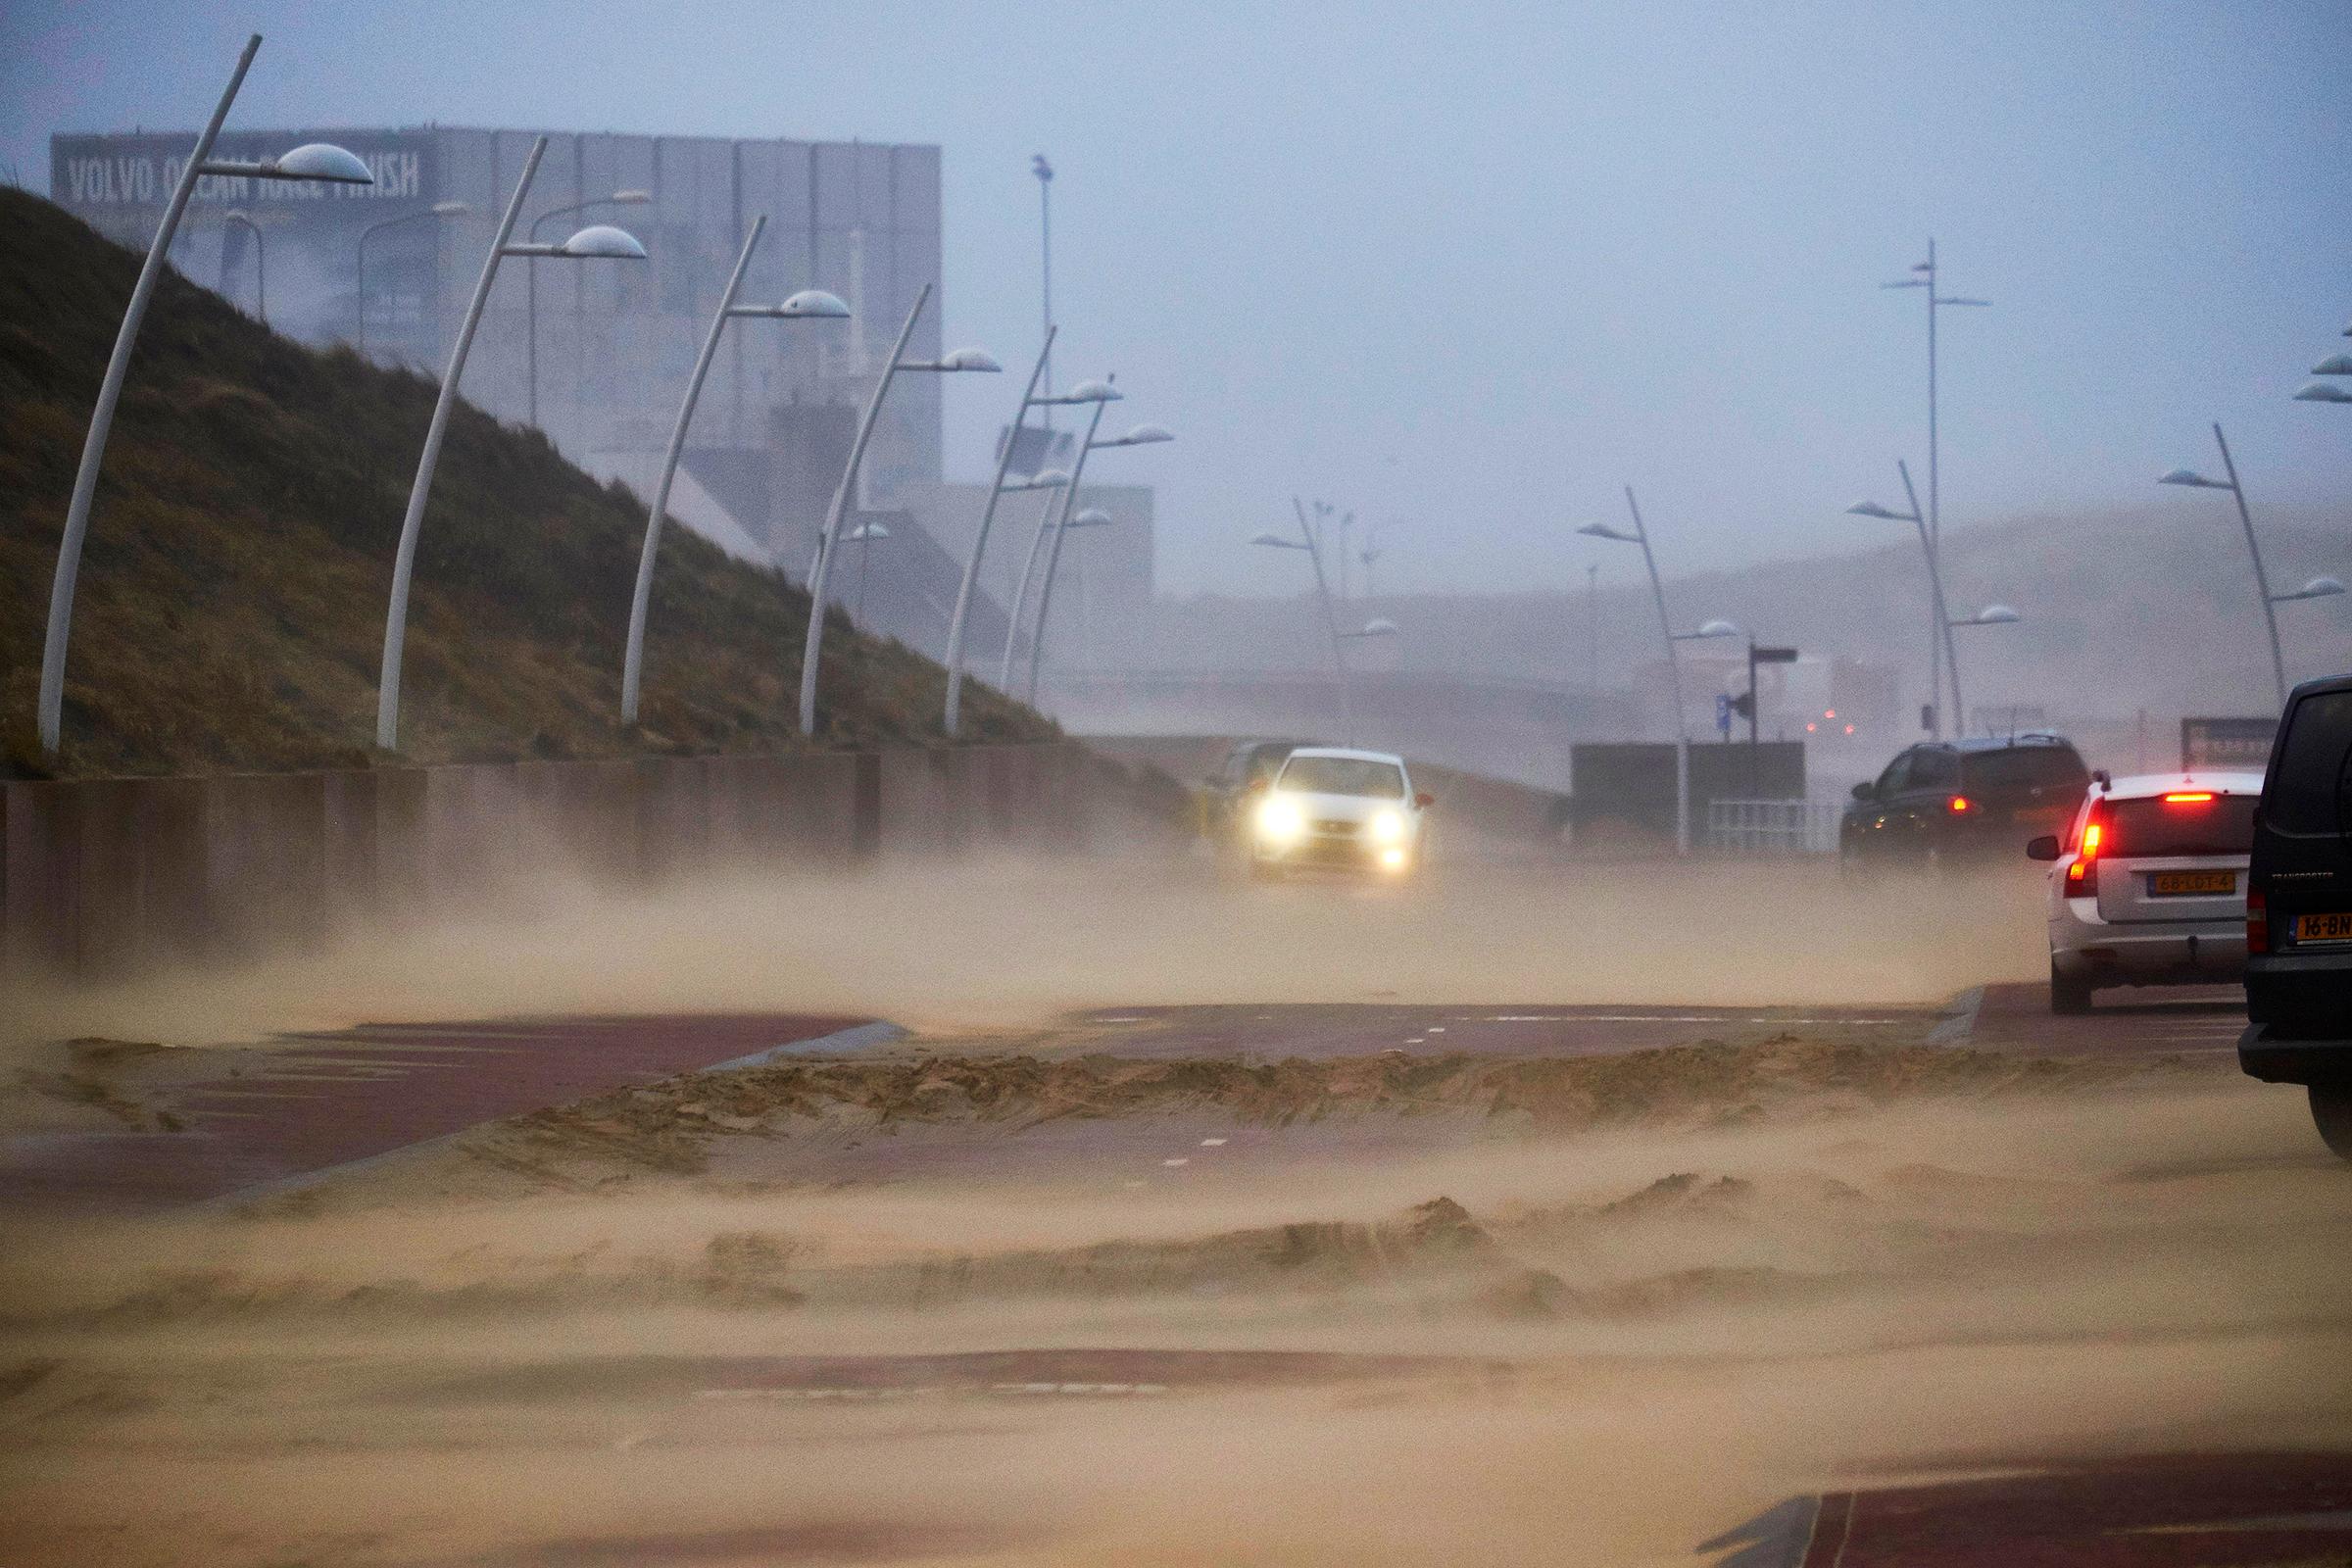 Последствия шторма «Фредерике» в Европе. Фоторепортаж
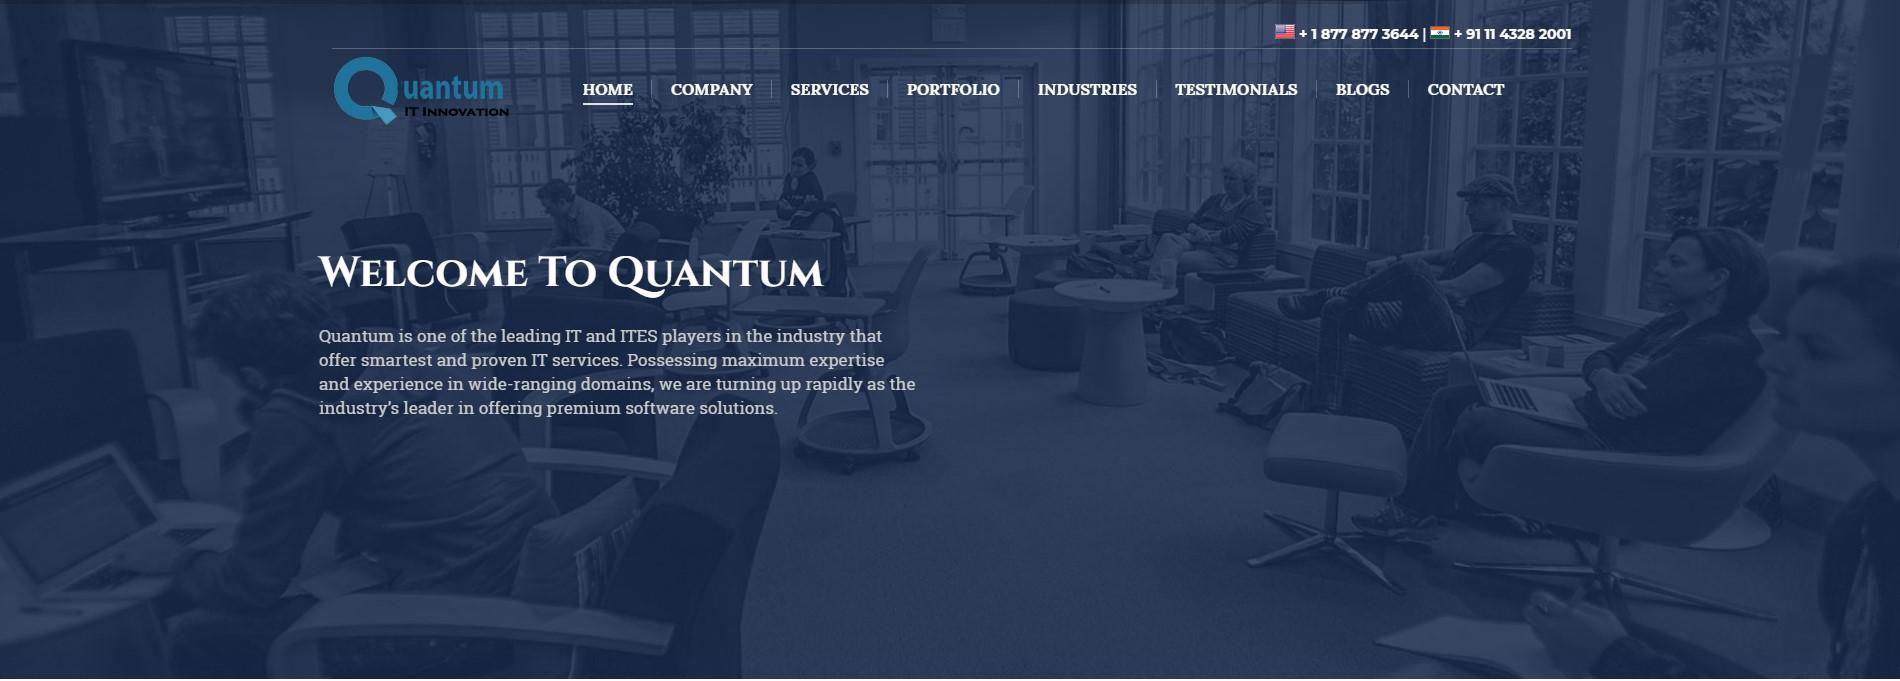 quantumitinnovation
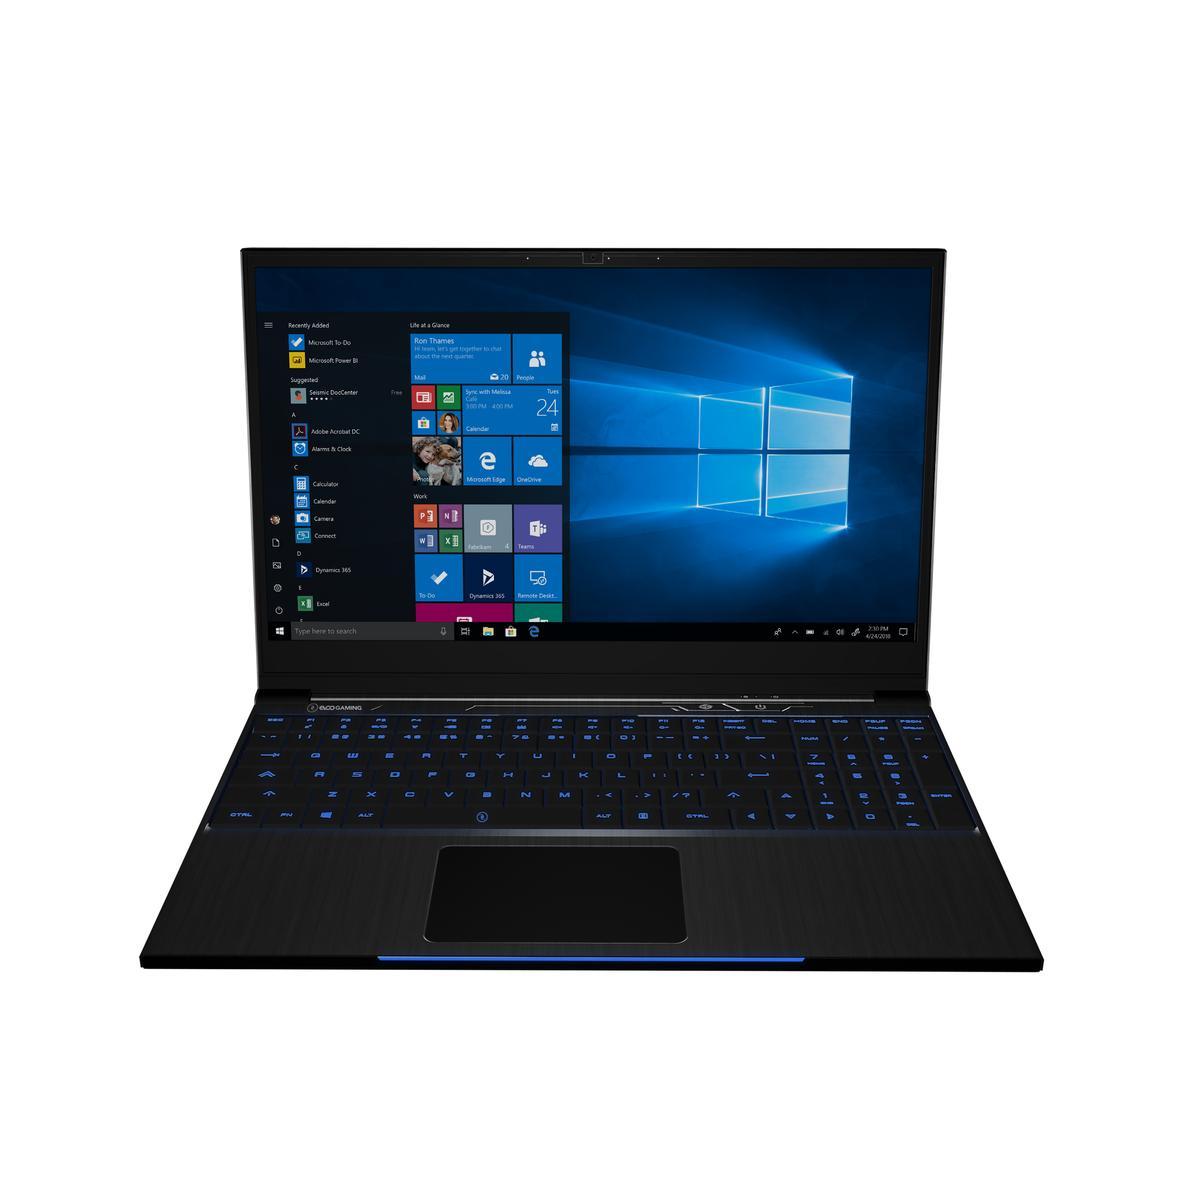 "EVOO GAMING EG-LP5-BK 15.6"" 1920 x 1080 144 Hz Core i7-9750H 2.6 GHz 16 GB Memory 512 GB Storage Laptop"
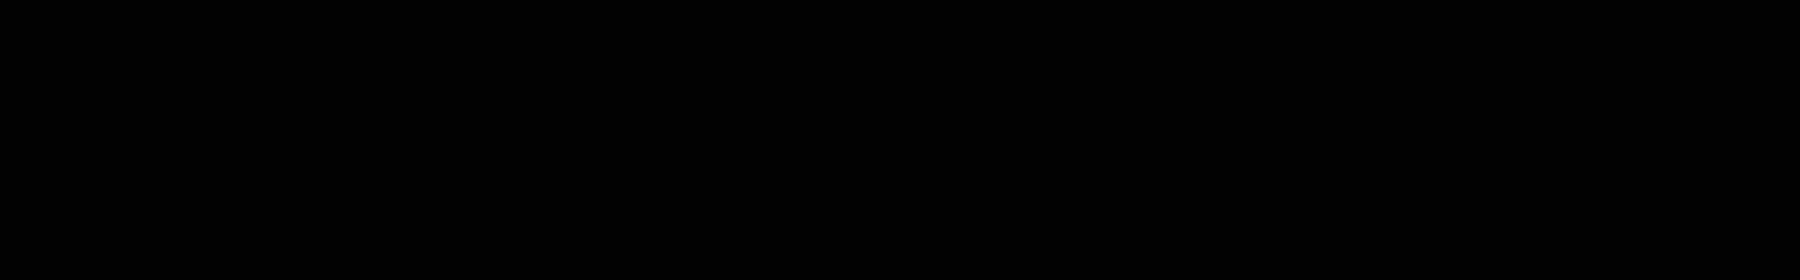 Serum Bass audio waveform

# EXERCISE REQUIREMENTS:
All the lines above are to be given again exactly as they read, with the pictures removed.

# RESULT FOR THIS TASK:
 Последствия шторма «Фредерике» в Европе. Фоторепортаж
 quantumitinnovation
 "EVOO GAMING EG-LP5-BK 15.6"" 1920 x 1080 144 Hz Core i7-9750H 2.6 GHz 16 GB Memory 512 GB Storage Laptop"
 Serum Bass audio waveform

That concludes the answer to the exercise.